Mercredi 5 octobre 2005
Comme l'honnête travailleur middle-class, lorsque je touche mon salaire, je m'en vais noyer frénétiquement ma joie dans la consommation. Je règle mes dettes et je commence – début octobre – ma liste au père noël. On aura remarqué l'absence de majuscule, papa noël c'est comme dieu, quand on n'y croit pas, on l'écrit en minuscules, et moi c'est la fille de Le Clézio qui m'a dit un jour à la cantine que le père noël était une triste invention parentale – ben ouais, à Nice, y a du beau monde à l'école publique. J'aurais du inscrire cet épisode dans ma trépidante biographie, on ne sait jamais, peut-être que ça pourra intéresser un exégète en mal d'anecdote. Je tiens à préciser que suite à cette anecdote fondatrice, je n'ai jamais pu mettre mon nez dans l'œuvre de Le Clézio, et son nom sonne encore comme un relent de cruauté enfantine. Après quelques emplettes de dentelles, velours et parfum d'homme, j'ai constaté avec effarement que la mode est à la tendance petrouchka, et c'est bien dommage parce que petrouchka, très peu pour moi. Si encore on nous vendait le dernier Kusturica & No Smoking Orchestra dans le revers du jupon, mais non, rien que de l'électro-pop d'ascenseur aux caisses des magasins.

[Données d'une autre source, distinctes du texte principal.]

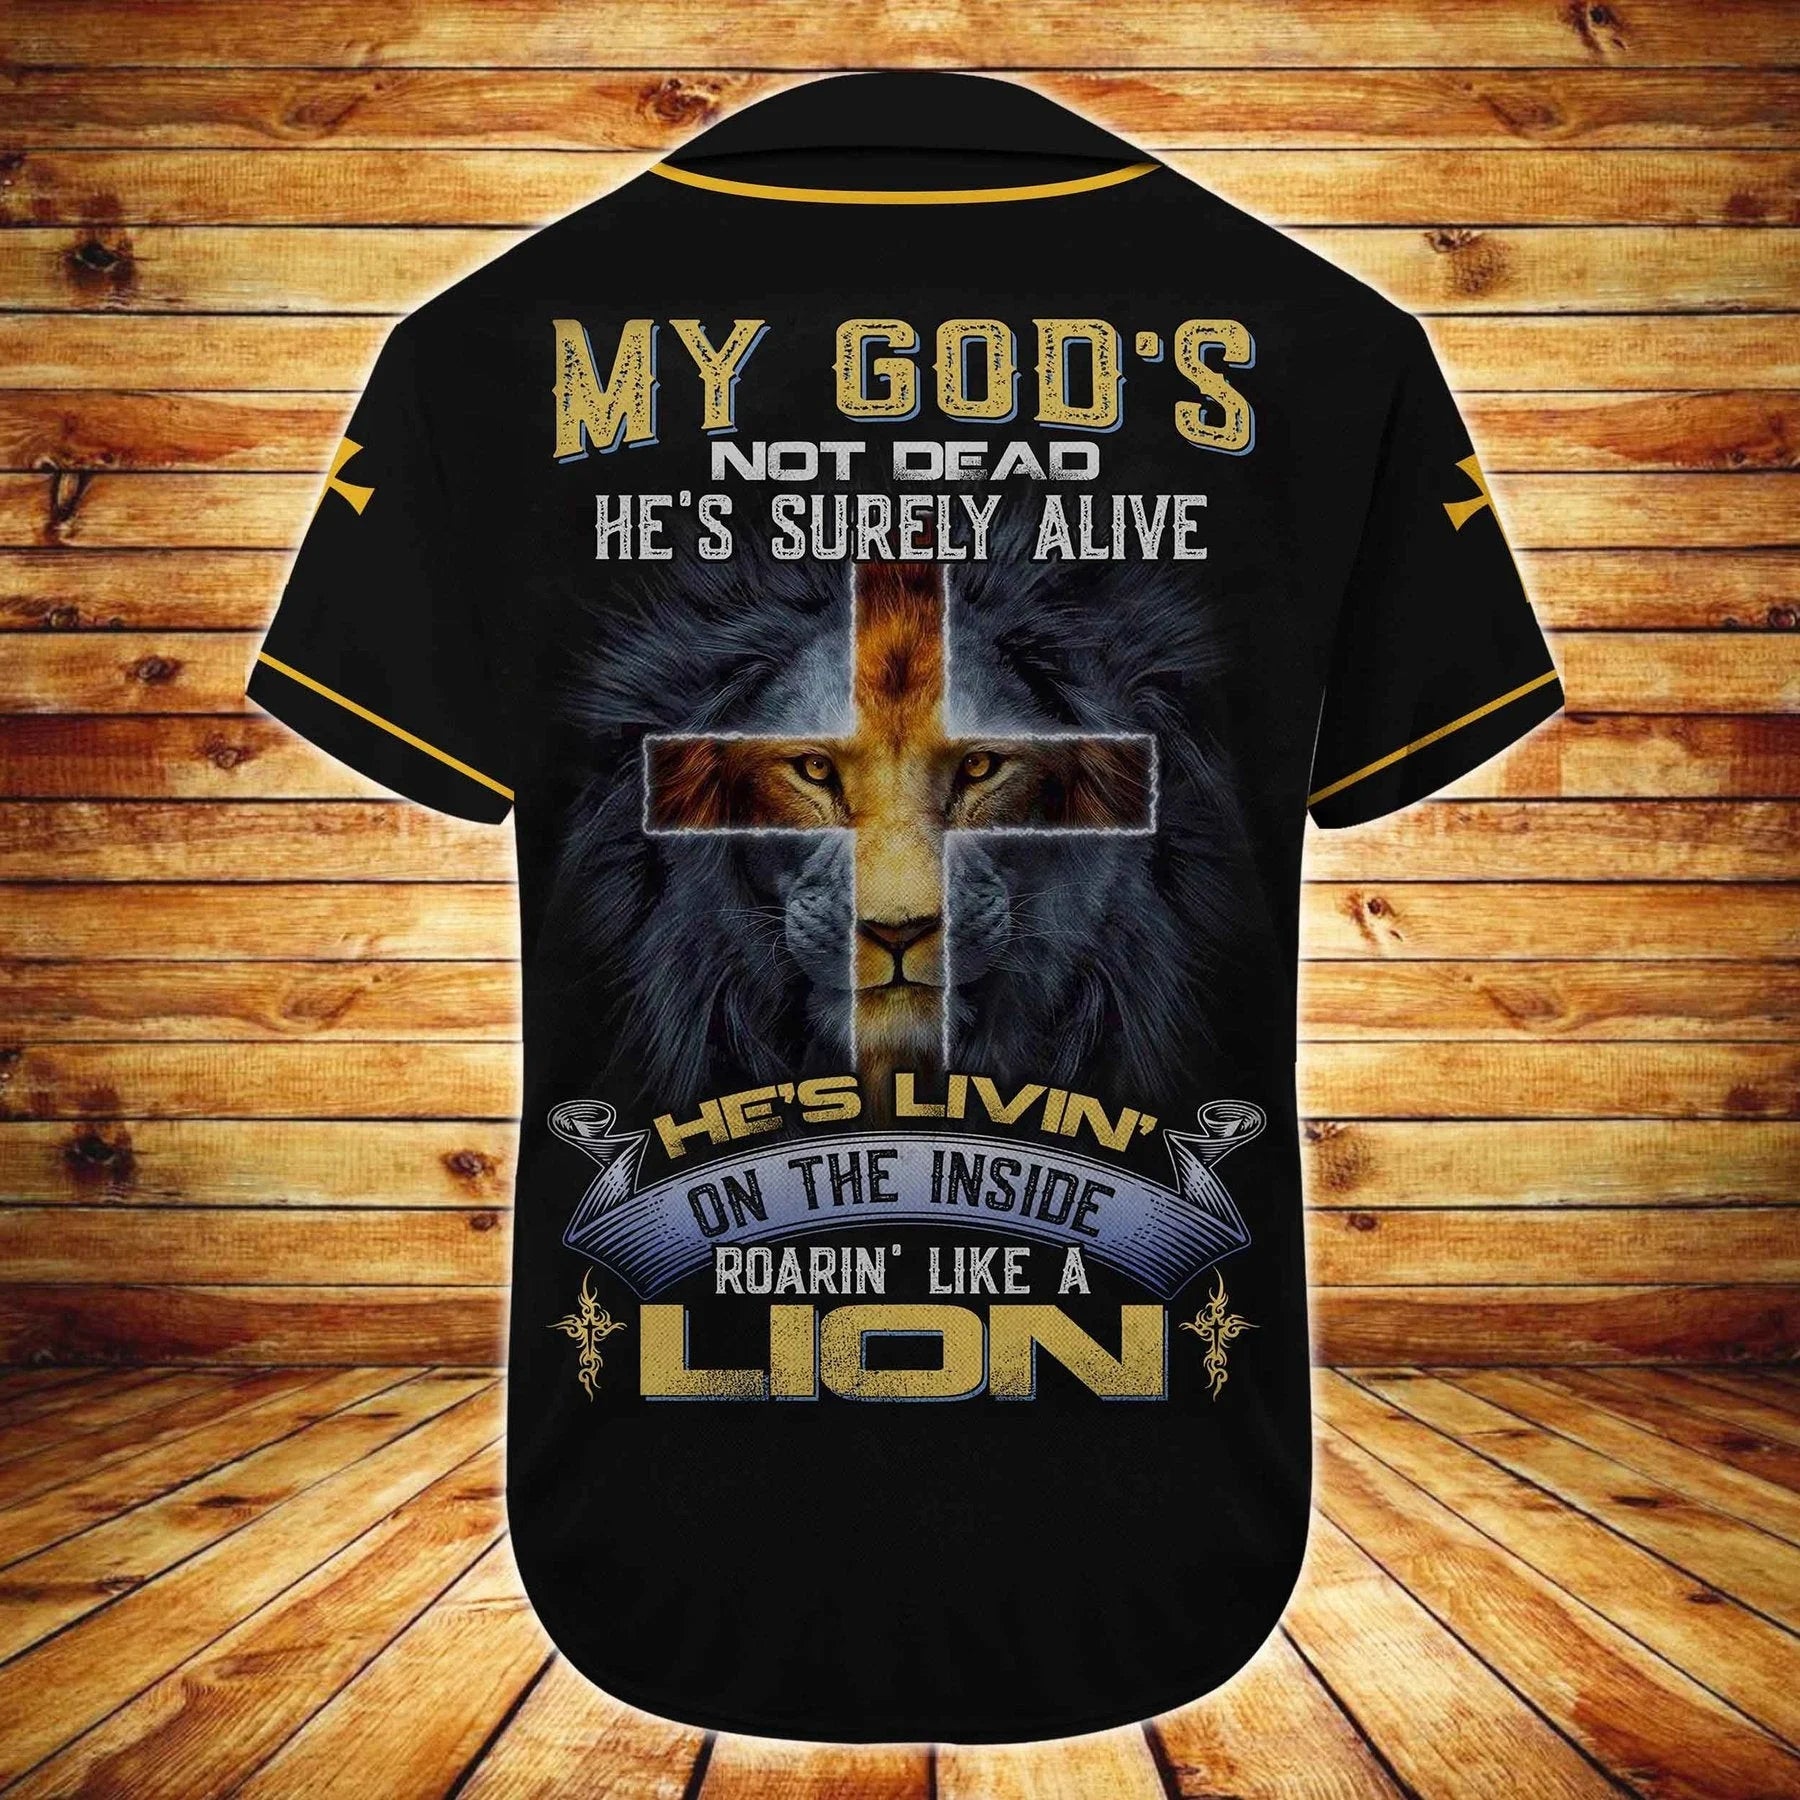 Cross, Lion Baseball Jersey - My God's not dead Custom Baseball Jersey Shirt For Men Women

Retrouvé Jérôme à la terrasse d'un café avec ses copies à moitié corrigées. Un élève de 4 ème conjugue le verbe dormir au plus-que-parfait : ils dorimiraient eu . Je reviendrai un de ces jours sur le moral des forces vives de l'éducation nationale.
Samedi 1er octobre 2005

Virée dans l'Estérel sur le tournage du court-métrage de Caroline « Ciel et Mer ». Caroline, depuis dix ans qu'on se connaît, construit pas à pas son univers de cinéaste, avec des bouts ficelles enchantées. Aujourd'hui je la regarde travailler de loin, dans sa maison abandonnée au bord de la mer, avec pour la première fois une vraie équipe de gens motivés. Salomé, belle naïade pas naïve, un bébé dans les bras, et Arthur, jeune homme racé révolté soudain protecteur pour cette scène « après l'orage ». Jérôme a pris de « vraies » photos. Moi j'ai emporté des souvenirs. Hâte de voir le film.